Fig. 1. Strong scaling (speedup) for a Siesta run with diagonalization for a system of 2048 molecules of water. The S value indicates the effective “serial fraction” of the calculation (for a definition of S, see [2])

The PEXSI solver [3] scales at most quadratically with system size by exploiting the sparsity of the Hamiltonian and other matrices involved. It can be applied to all kinds of systems, including metals, and its accuracy is comparable to that of cubic-scaling full diagonalization. PEXSI can use large numbers of processors efficiently due to the near-perfect parallelization over poles and the good scaling of the pole-specific operations, thus enabling the treatment of very large systems in high-performance machines (Figure 2). Apart from the native interface to PEXSI in SIESTA (which was the first to be available in a mainstream code), the PEXSI solver is also available through the implementation of an interface to the ELSI library. With almost no code changes, SIESTA can now use an expanding set of modern solvers with a unified calling sequence. Another advantage of the PEXSI solver is its radically reduced memory footprint. In Figure 2, a comparison with diagonalization is only possible when using over 1,000 processors. Otherwise the dense matrix would not fit in the (distributed) memory. 

 

Fig. 2. Parallel strong scaling of SIESTA-PEXSI and the (Scalapack) diagonalization approach when they are applied to a DNA chain and a Graphene-Boron Nitride stack, prototypes of quasi one-dimensional and two-dimensional systems. “ppp” stands for the number of MPI processes used in each pole computation, and the nearly straight lines represent increasing levels of parallelization over poles.

 

The PEXSI method has a relatively large pre-factor compared to diagonalization, so it is only advisable for systems of moderately large size (Figure 3).
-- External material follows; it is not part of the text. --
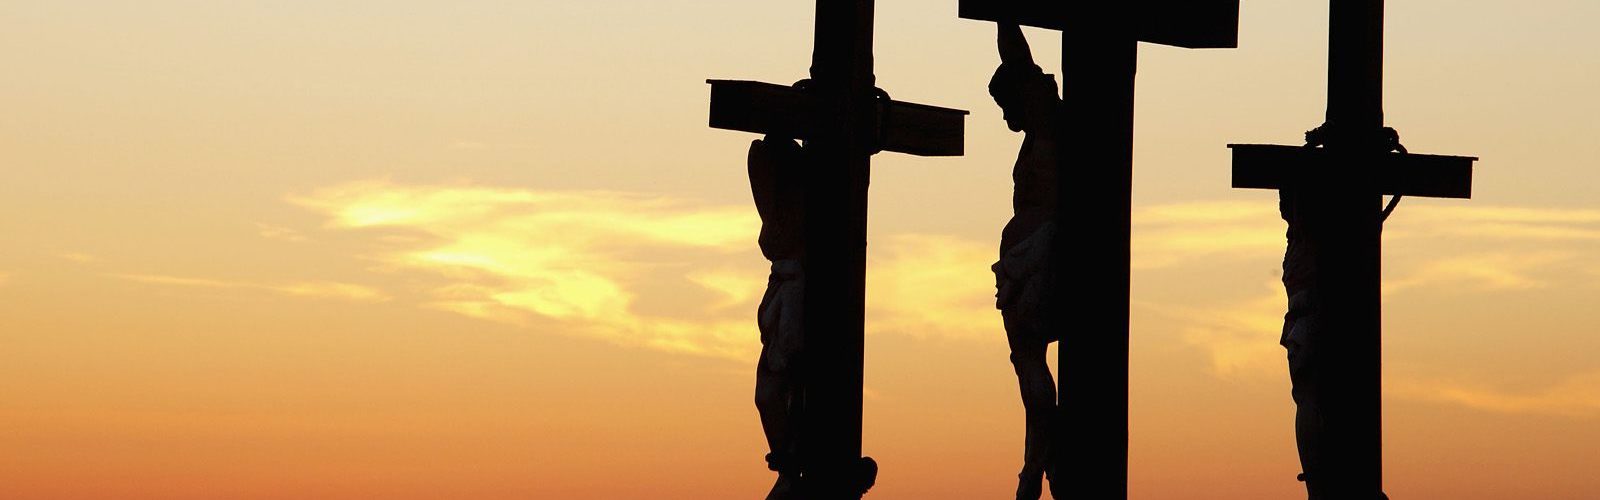 Why did Jesus Die on the Cross?

However, constant improvements to the underlying algorithms (such as the need for fewer poles, or yet more parallelization levels) are bringing the break-even points to smaller system sizes.

 

Fig. 3. Comparison of the total cost of a computation of systems of various dimensionalities, using the PEXSI solver and standard diagonalization, as a function of system size. 

 

The TranSiesta module uses advanced algorithms and incorporates a nearly complete dual MPI/OpenMP parallelization. In particular, a new pivoting algorithm (BTD:block tri-diagonal) has unlocked a dramatic performance increase over previous versions using more standard approaches (Figure 4).

 

Fig. 4. Speedups in core TranSiesta computations brought about by the use of the BTD (block tridiagonal) pivoting algorithm.

 

References

  1. [1] J. M. Soler, E. Artacho, J. D. Gale, A. Garcia, J. Junquera, P. Ordejon, and D. Sanchez-Portal, The SIESTA method for ab initio order-n materials simulation, J. Phys.: Condens. Matter 14, 2745 (2002).

  2. [2] F. Corsetti, Performance Analysis of Electronic Structure Codes on HPC Systems: A Case Study of SIESTA. PLoS ONE 9(4): e95390 (2014).

  3. [3] L. Lin, A. Garcia, G. Huhs, and C. Yang, Siesta-PEXSI: Massively parallel method for efficient and accurate ab initio materials simulation without matrix diagonalization, J. Phys.: Condens. Matter 26, 305503 (2014).